Below Jack Creek Icicle Creek is joined from the north by Chatter Creek. Chatter Creek Campground is located on the north side of Icicle Creek near the mouth of Chatter Creek. Several tributaries join below Chatter Creek, such as Hoxsey, Bob, Doctor, Ida, Big Slide, Jay, Johnny, and Victoria creeks. Eponymous campgrounds are located at the Ida and Johnny Creek confluences. A number of small streams join below Victoria Creek, such as Fourth of July Creek. Bridge Creek joins from the north at Bridge Creek Campground.
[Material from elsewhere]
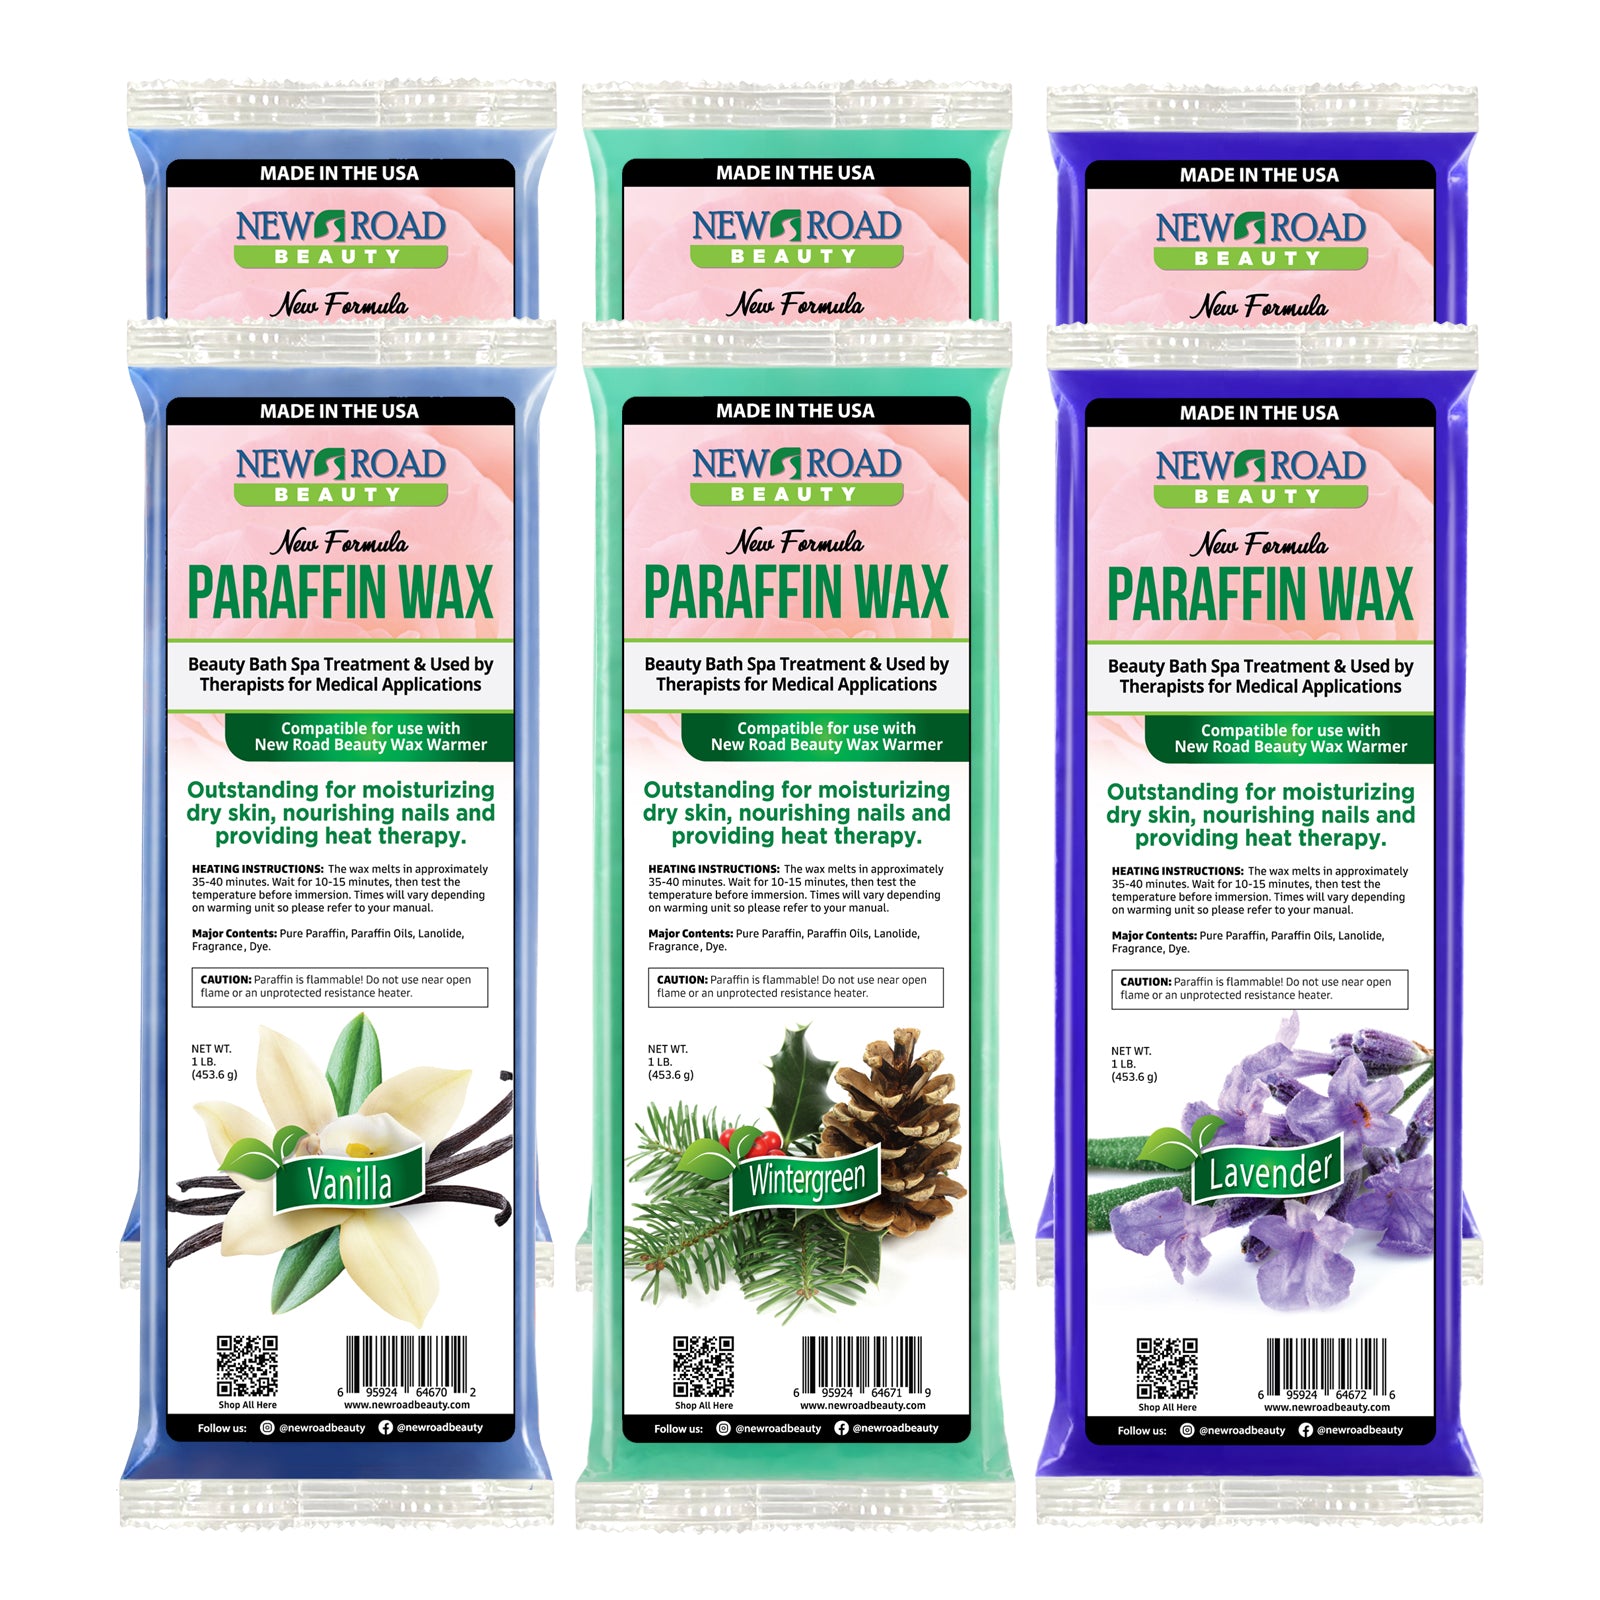 Combo 6-Pack Paraffin Wax For Soft, Moisturized Skin - Vanilla, Wintergreen, and Lavender Paraffin Wax  Edit alt text

At river mile 8 Icicle Creek is joined by Eightmile Creek, a larger tributary. Eightmile Creek and its tributaries Mountaineer Creek and Pioneer Creek drain a large area to the southwest, reaching to the crest of the Wenatchee Mountains. There are a number of lakes in the Eightmile Creek basin, including Eightmile Lake, Lake Caroline, Colchuck Lake, Lake Stuart, Jack Lake, and Horseshoe Lake. Major mountains drained include Mount Stuart, Sherpa Peak, Argonaut Peak, Colchuck Peak, and Dragontail Peak. These peaks are among the highest in the Wenatchee Mountains. Mount Stuart is the second-highest non-volcanic peak in Washington. These high mountains are known as the Stuart Range. The range contains a number of glaciers, notably Colchuck Glacier, Sherpa Glacier, and Stuart Glacier. Eightmile Campground is located on Icicle Creek just below the mouth of Eightmile Creek.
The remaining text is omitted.